Thursday, August 11, 2005

The Great Raid

The Great Raid (Director: John Dahl)

Dahl has had a fairly interesting career. My favorite of his is Rounders. The Last Seduction is also a very good movie, along with Red Rock West. Unforgettable is exactly the opposite of what its title suggests, and Joy Ride is certainly pretty fun. The Great Raid is based on two books: William B Breuer's The Great Raid on Cabanatuan and Hampton Sides' Ghost Soldiers. Carlo Bernard and Doug Miro adapted the screenplay, their first. This movie was slated for a 2003 release, but apparently because of the Disney/Miramax split, it got held up. Hmm....

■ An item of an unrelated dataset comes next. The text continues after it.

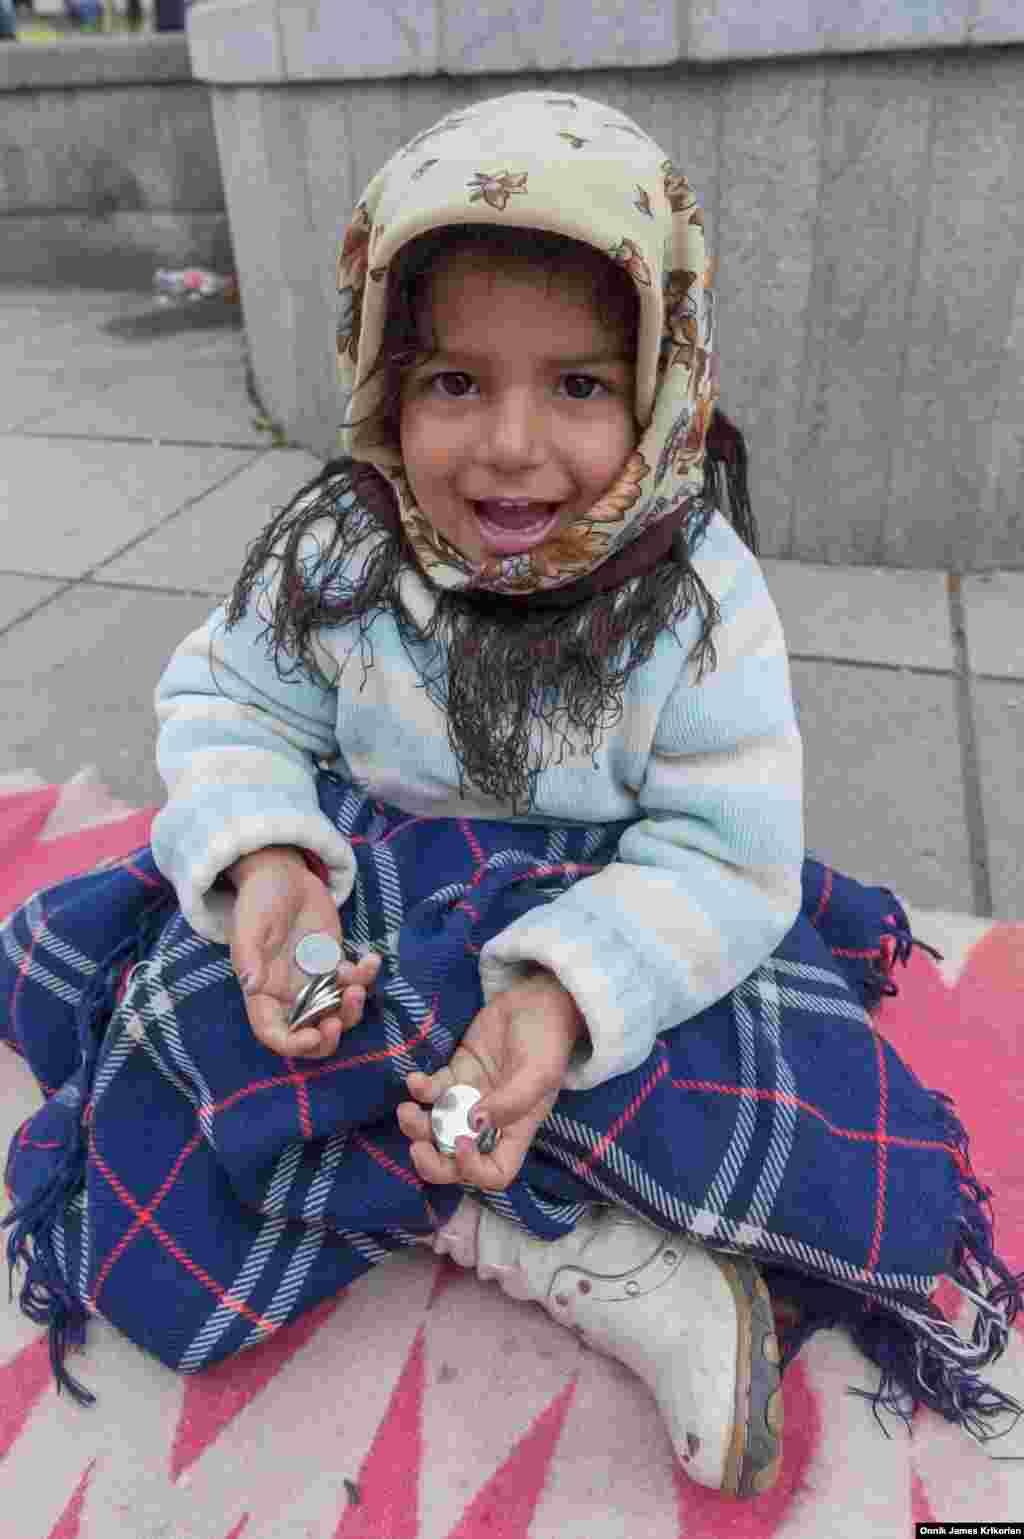 UNICEF разделяет беспризорных на три категории: дети, убежавшие из своих семей; дети, живущие на улице вместе с семьей; те, кто проводит большую часть своего времени на улицах попрошайничая. В Грузии третья категория - самая многочисленная

You ever see a movie where one section is so good, it's a shame the rest isn't up to par? The Great Raid is one of those. A long setup time takes place between the opening and the titular subject, and surprisingly, a director as interesting as Dahl makes it extraordinarily dull. I didn't know much going in. It was hard for me to put a finger on who was showing me what I was seeing. I nearly fell down the steps when the movie was over and I found out it was Dahl.

The Great Raid concerns the POW camp of Cabanatuan, located in the Phillippines and run by the Japanese during World War II. U.S. forces have been briefed on the camp, and feel it necessary to save the soldiers being held there because the Japanese have mercilessly killed other U.S. soldiers in another camp (Did I say death camps? I meant happy camps!). A group of well-trained, unproven soldiers are sent to the rescue. Lt. Colonel Mucci (Benjamin Bratt) leads the charge, with Captain Prince (James Franco) planning it out. Meanwhile, in the camp, Major Gibson (Joseph Fiennes) suffers from malaria as his men, also sick and hungry, wait for death or escape. Gibson has a flame elsewhere in the country who has been helping smuggle medicine into the camp, Margaret Utinsky (Connie Nielsen), a woman who risks death with her underground cause. There's also a little bit of coverage of the rebellious Filipinos during the war, how they and the U.S. began to band together in order to topple the enemy.

The three stories get passed around until finally the raid takes place. While the attempt at building the story is admirable before getting to the action, it is very stale. Gibson is supposed to be a leader of men, and though he spends most of the movie with malaria and is weak, I would have liked to have seen something that truly displayed his leadership. The romance that apparently went unconsummated, for a variety of reasons, between he and Utinsky never seemed to have any weight--this is where a flashback might have helped, and even though you might say, "Well, flashbacks are cheap narrative devices," that wouldn't explain why there's dull voiceover narration in this.

Don't get me wrong, though. Once The Great Raid finally occurs, it's great cinema. The tactical plan before it occurs builds nice tension, and the actual execution of it is great. The lack of character development weakens it a bit, because key scenes get played by guys you haven't really gotten to know, and their life or death seems a little irrelevant. They are still good scenes, however. And that's what I believe the filmmakers are hoping you walk out of the movie talking about, and hence recommending it. But you have to sit through nearly two hours of washed-out, tedious film before getting to it.

1 Comments:

At 8/11/2005 10:48:00 PM, Blogger Jonathan said...

Man, and talk about a movie just getting dumped, and in the summer season no less. There was very little word of this at all this year, and then a couple of weeks before it comes out a few previews start popping up on television. Maybe "The History Channel" has been talking about it for awhile. Who knows?

I do like Dahl quite a bit. "Red Rock West" is quite possibly the greatest movie that no one has ever seen. But I just can't get too interested in this one.